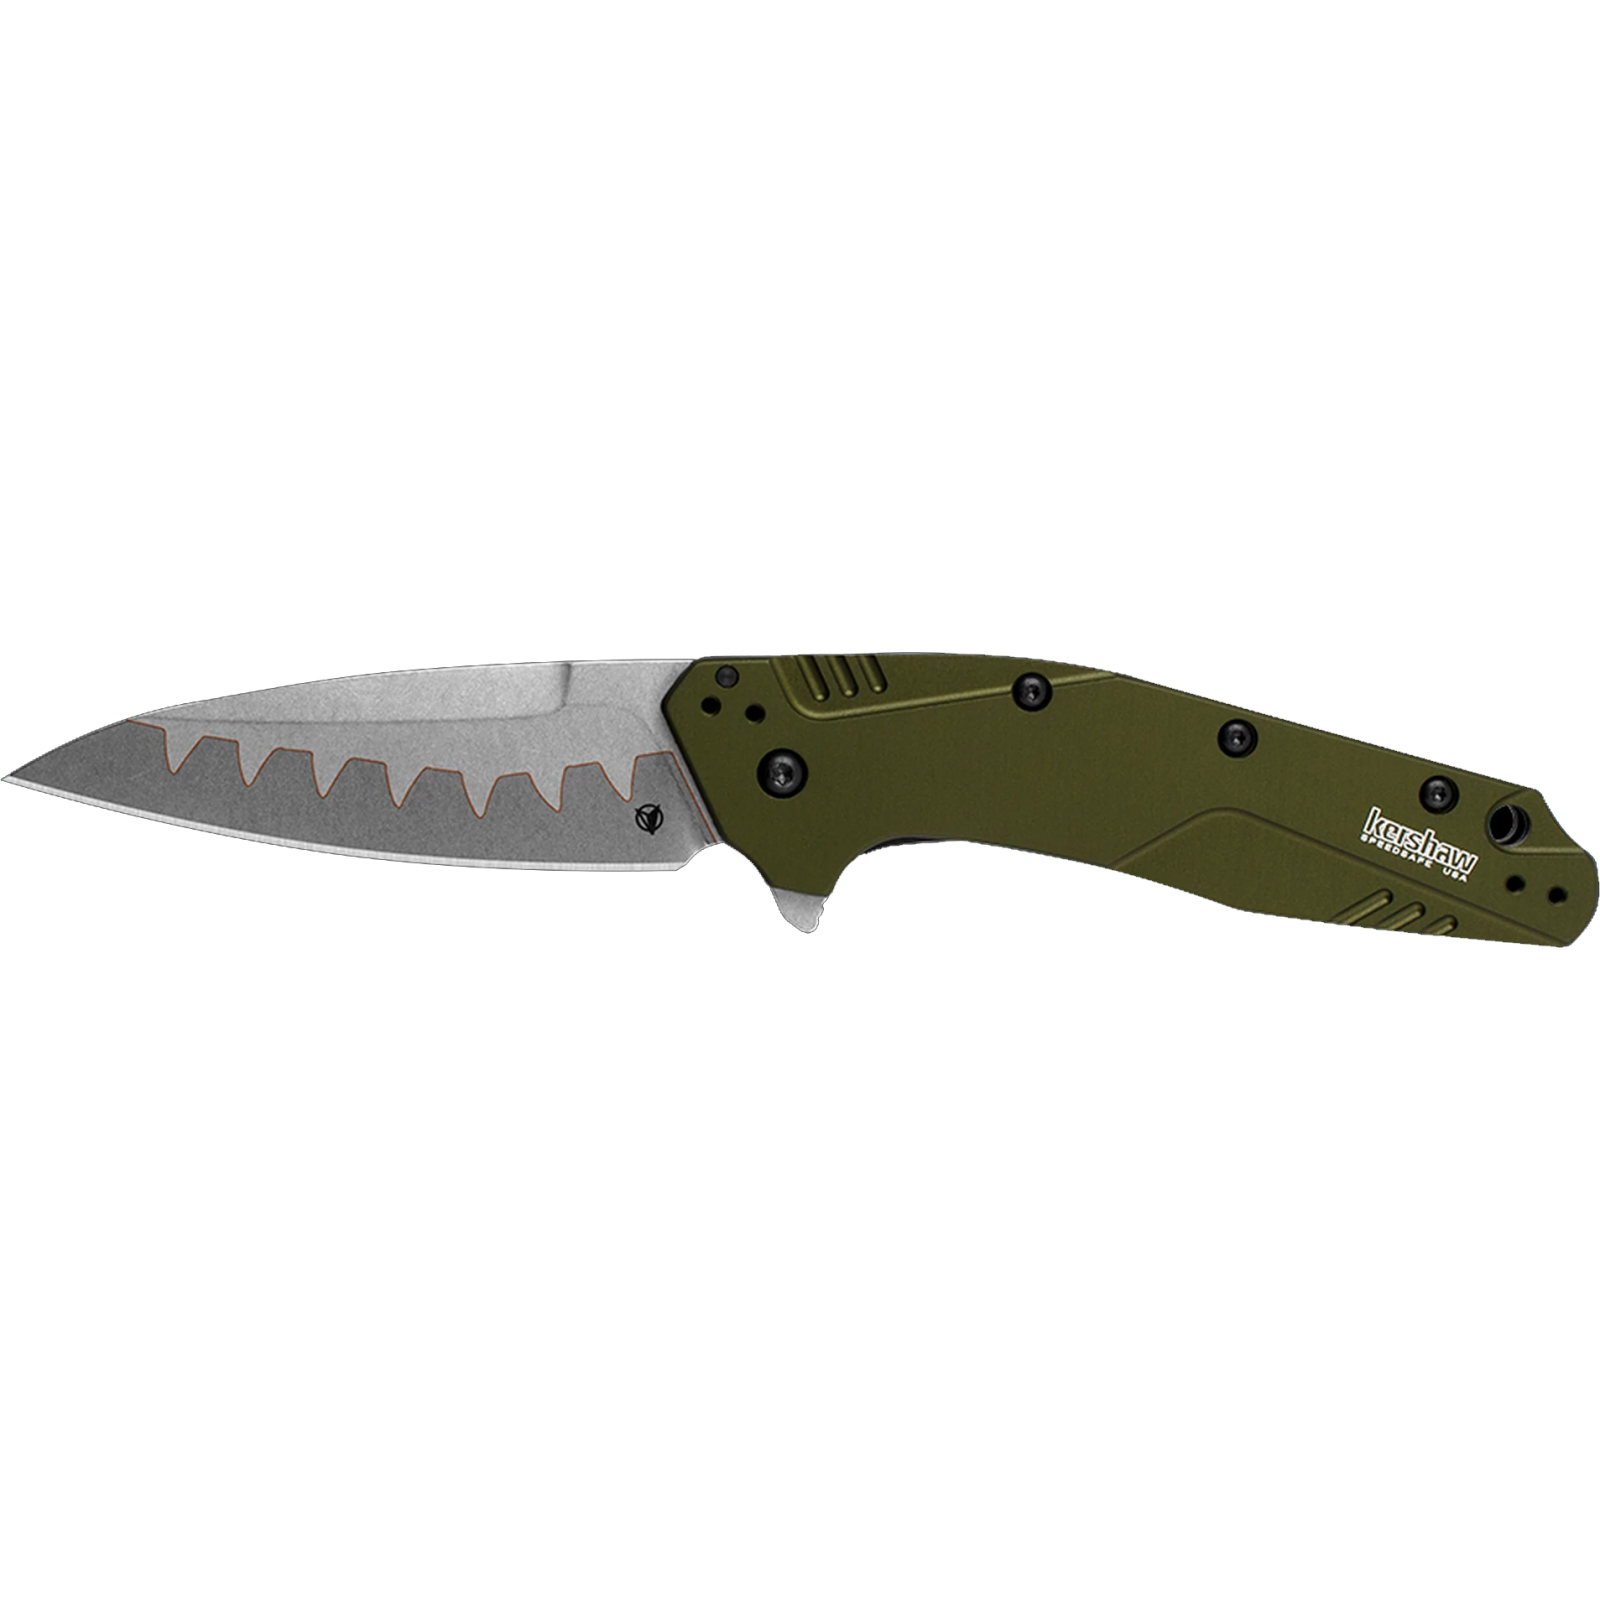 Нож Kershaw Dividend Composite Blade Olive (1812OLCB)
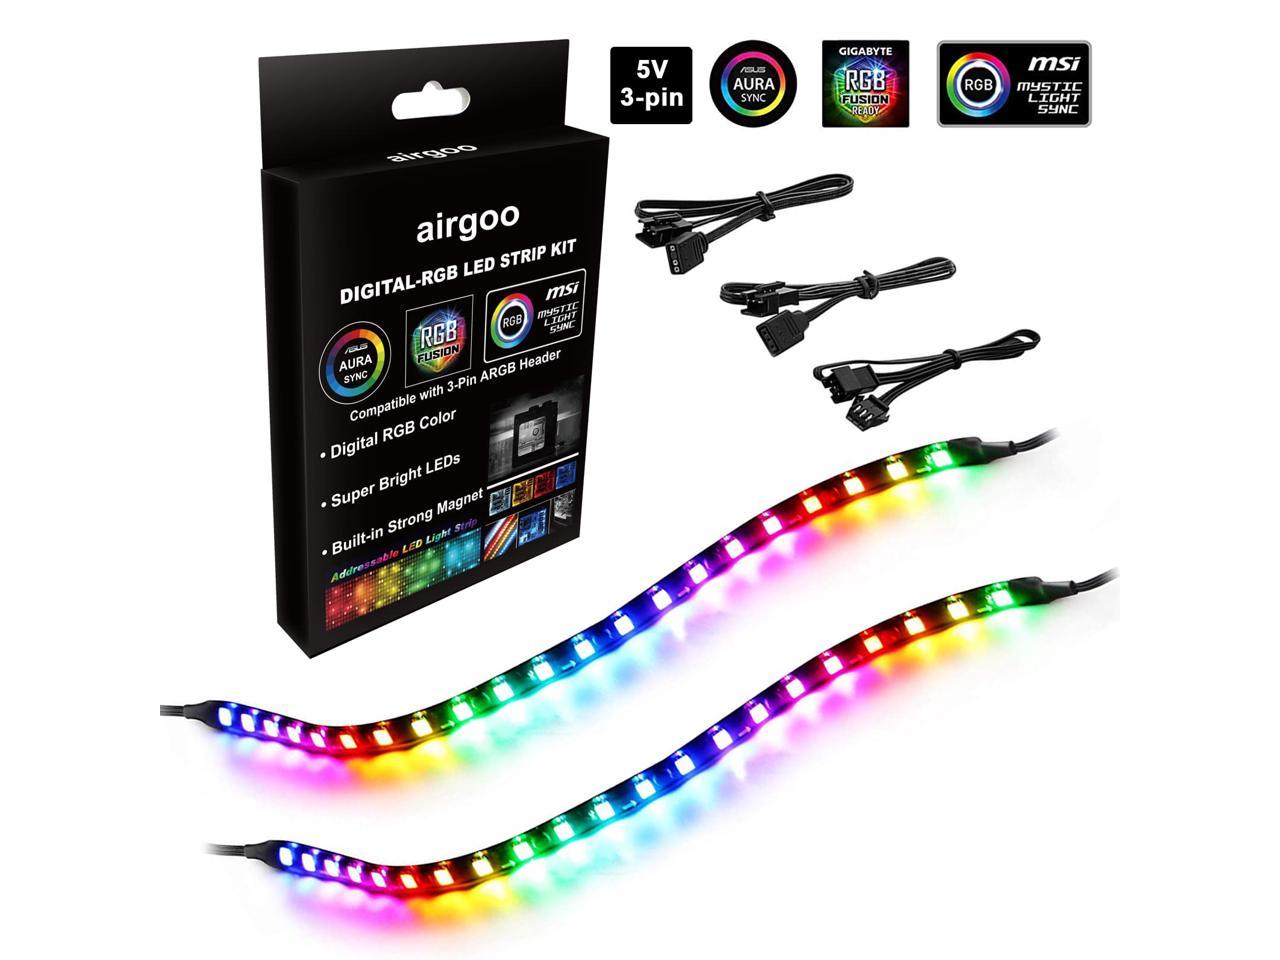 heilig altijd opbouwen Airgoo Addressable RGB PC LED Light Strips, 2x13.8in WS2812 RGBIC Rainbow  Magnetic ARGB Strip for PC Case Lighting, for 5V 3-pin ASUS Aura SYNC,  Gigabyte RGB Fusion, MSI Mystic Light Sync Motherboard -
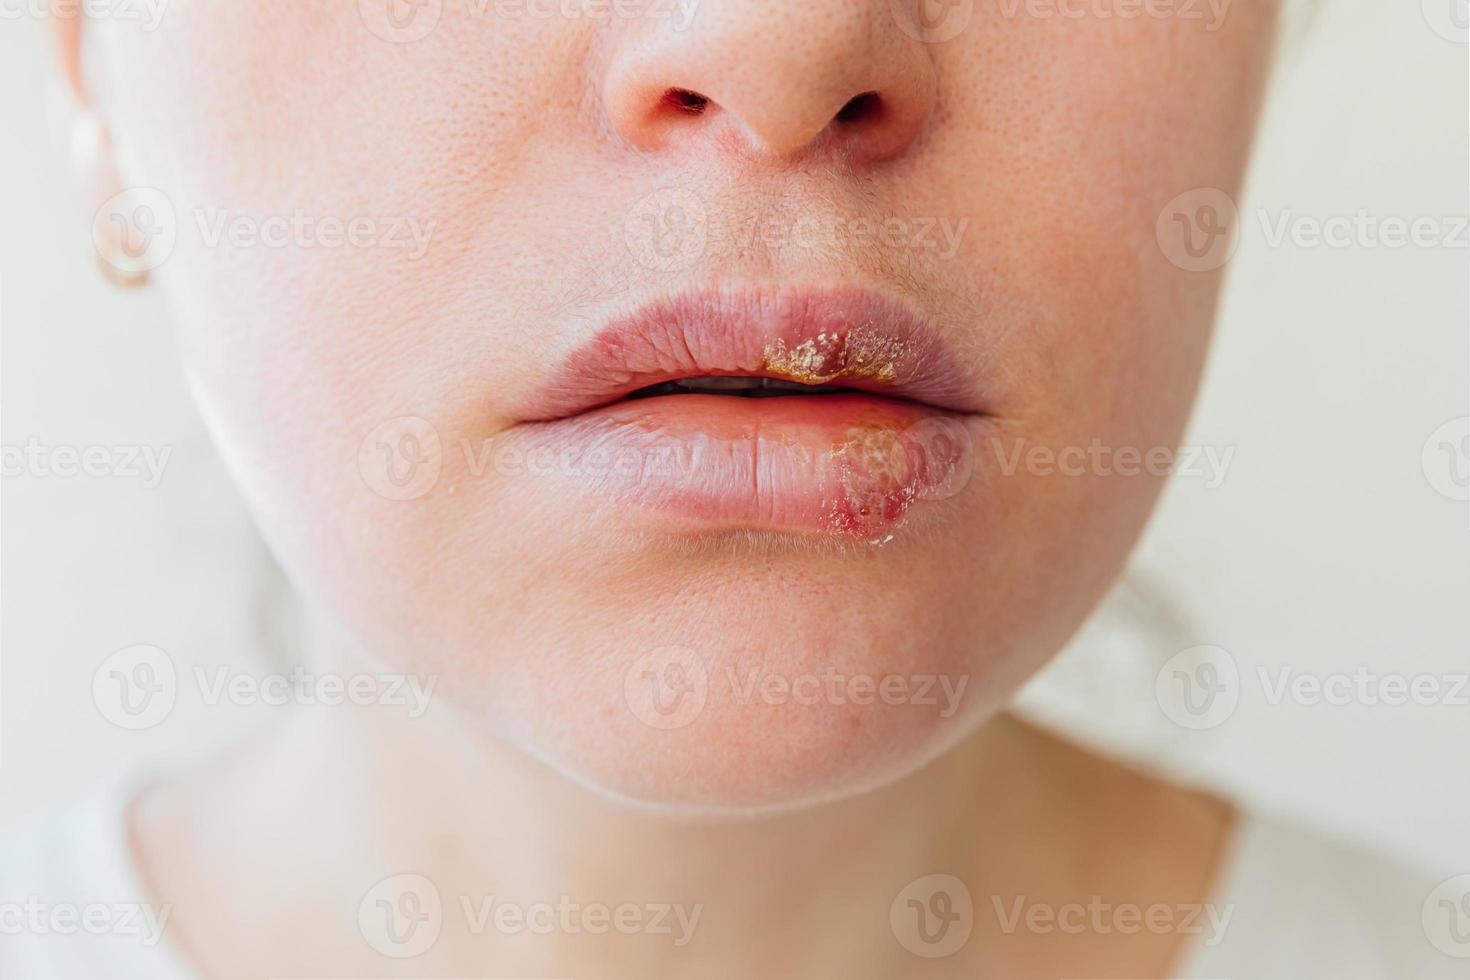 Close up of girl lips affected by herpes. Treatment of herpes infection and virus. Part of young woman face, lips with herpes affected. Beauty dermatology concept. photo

INSTRUCTIONS FOR THE TASK:
Beginning with the line that has "heilig altijd opbouwen", repeat each remaining line of the data above word for word, keeping pictures out.

ANSWER BOX:
 heilig altijd opbouwen Airgoo Addressable RGB PC LED Light Strips, 2x13.8in WS2812 RGBIC Rainbow  Magnetic ARGB Strip for PC Case Lighting, for 5V 3-pin ASUS Aura SYNC,  Gigabyte RGB Fusion, MSI Mystic Light Sync Motherboard -
 Close up of girl lips affected by herpes. Treatment of herpes infection and virus. Part of young woman face, lips with herpes affected. Beauty dermatology concept. photo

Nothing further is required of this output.